Introduction
Here we present the R package RUCova, a novel method designed to
address confounding factors such as heterogeneous cell size and staining
efficiency in mass cytometry data. RUCova removes unwanted covariance
using multivariate linear regression based on Surrogates of Unwanted
Covariance (SUCs), and Principal Component Analysis (PCA).
RUCova comprises two major steps:
First, it fits a multivariate model for each measured marker
(\(m\)) across cells (\(i\)) from samples (\(j_i\)) with respect to the surrogates of
sources of unwanted covariance (SUC, \(\vec{x_i}\)). Samples \(j_i\) can be either different cell lines,
perturbations, conditions, metacells (clusters), or even
batches.
Second, it eliminates such dependency by assigning the residuals
\(\epsilon\) of the model as the new
modified expression of the marker. The fit can be expressed as: \[ y^{m}_i(\vec{x}_{i},j_i) = \underbrace{O^m(j_i)
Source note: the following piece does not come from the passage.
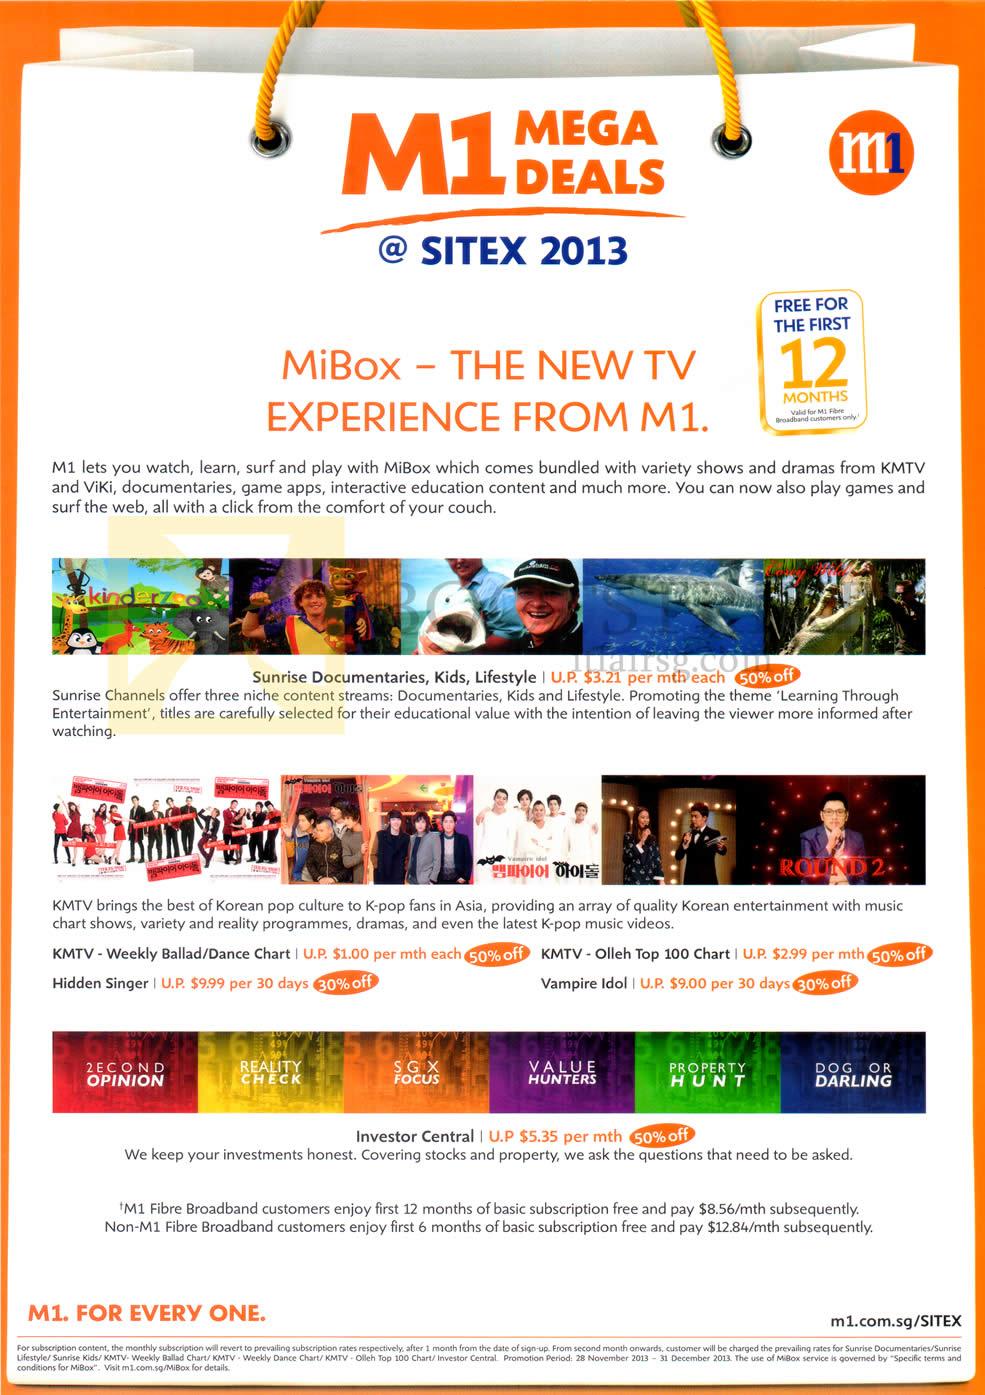 m1 tv mibox sitex 2013 price list brochure flyer image. Black Bedroom Furniture Sets. Home Design Ideas

+ S^m(\vec{x}_{i},j_i) }_{M(\vec{x}_{i},j_i)} + \epsilon^m_i\ \],
where \(S^m(\vec{x}_{i},j_i)\)
describes the slope of the fit and \(O^m(j_i)\) the intercept or
offset.
The predictors are the surrogates of sources unwanted covariance
(SUC, \(\vec{x}\)), which can be either
specific markers as proxies of the confounding factors or the principal
components (PCs) derived from a Principal Component Analysis (PCA)
performed on such markers.
RUCova offers 3 different uni- or multi-variate linear models to
describe the relationship between marker expression and SUC: (1) \(M_1(\vec{x}_{i})\): simple, (2) \(M_2(\vec{x}_i,j_i)\): offset, and (3) \(M_3(\vec{x}_i,j_i)\): interaction. In this
vignette you can find a detailed description of these methods and their
differences.
The RUCova method eliminates the dependency of each measured marker
on the SUCs by computing the model’s residuals and the intercept as the
revised expression for each marker (\(y^{m*}_i\)).:
\[ y^{*m}_i(j_i) = O_1^m(j_i) +
\epsilon^m_i \], where \(\epsilon^m_i\) are the residuals of the
model.
In this vignette, we guide you step-by-step through it so you can
make good use this package and reliably analyse single-cell mass
cytometry data.
Citation
If you use RUCova in published research, please cite:
RUCova: Removal of Unwanted Covariance in mass cytometry data Rosario
Astaburuaga-García, Thomas Sell, Samet Mutlu, Anja Sieber, Kirsten
Lauber, Nils Blüthgen. Bioinformatics 2024; doi: https://doi.org/10.1101/2024.05.24.595717
Installation
To install the stable release of RUCova from Bioconductor
(recommended), run:
if (!requireNamespace("BiocManager", quietly = TRUE))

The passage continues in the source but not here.